── INPUT DATA ──
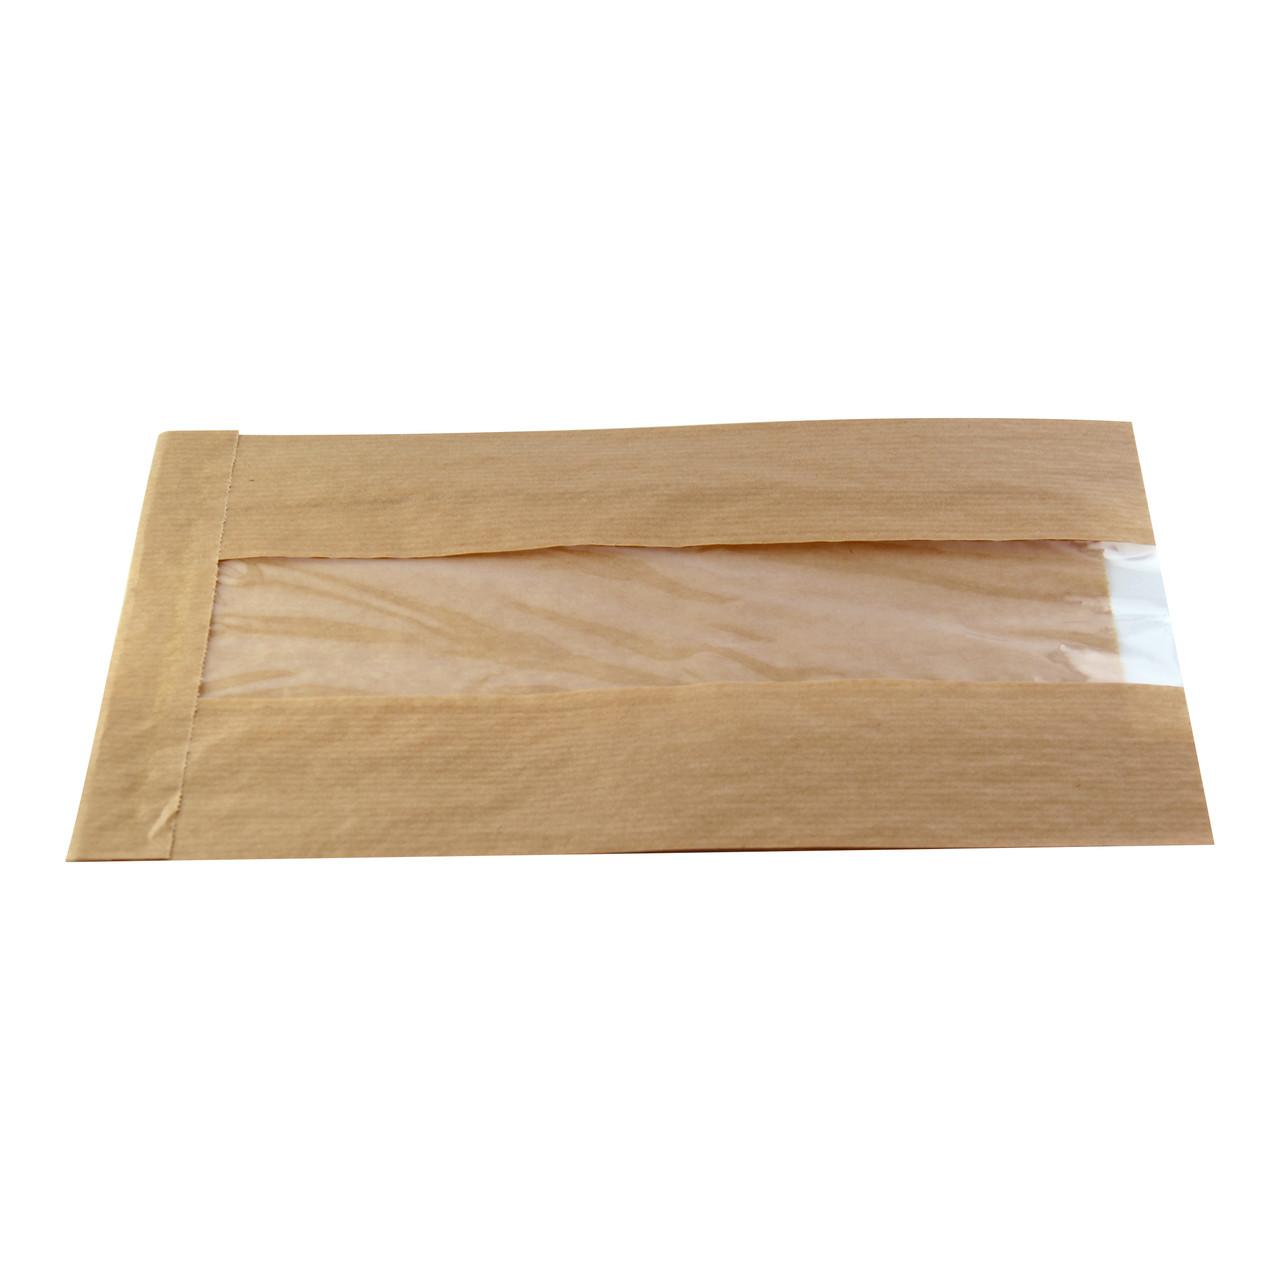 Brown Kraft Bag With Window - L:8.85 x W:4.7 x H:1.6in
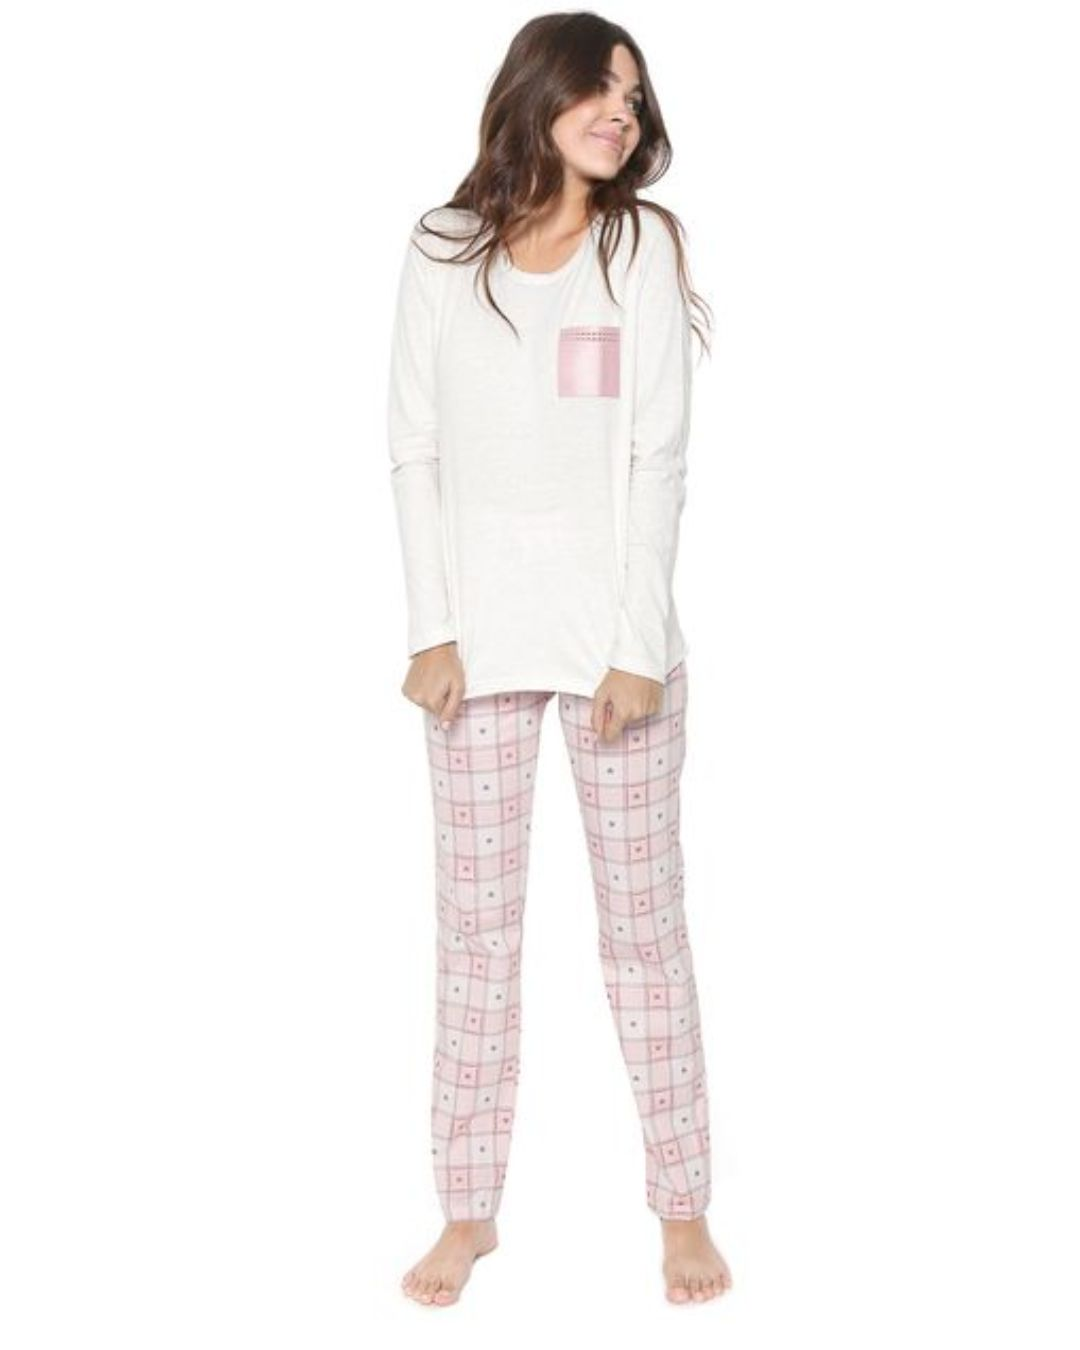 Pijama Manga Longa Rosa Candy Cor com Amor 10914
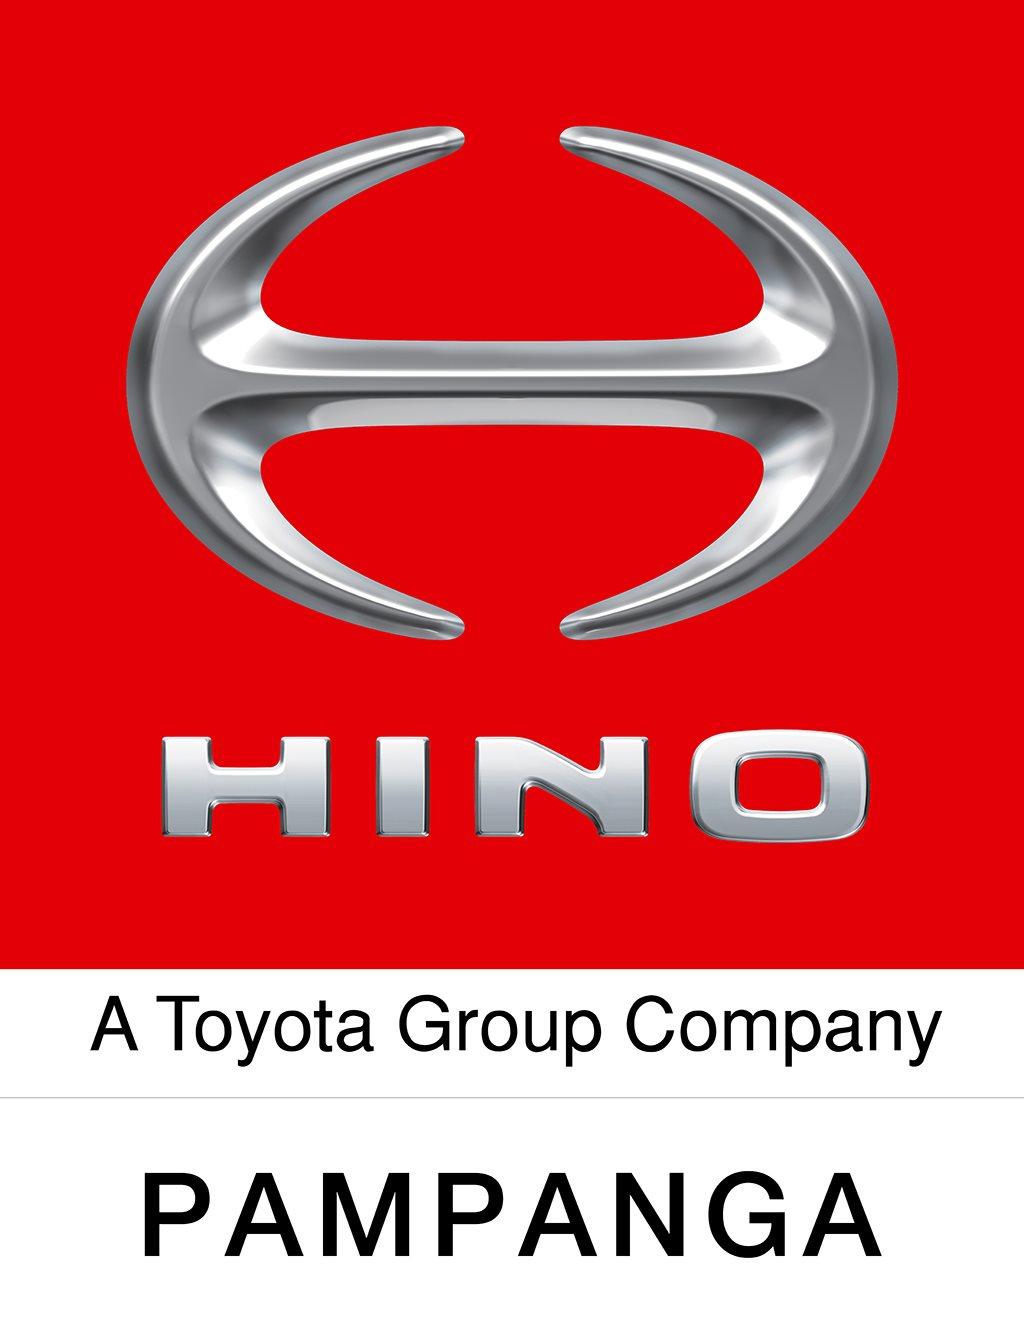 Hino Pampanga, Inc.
───
Would you give the data above again word for word, minus the pictures?

 Brown Kraft Bag With Window - L:8.85 x W:4.7 x H:1.6in
 Pijama Manga Longa Rosa Candy Cor com Amor 10914
 Hino Pampanga, Inc.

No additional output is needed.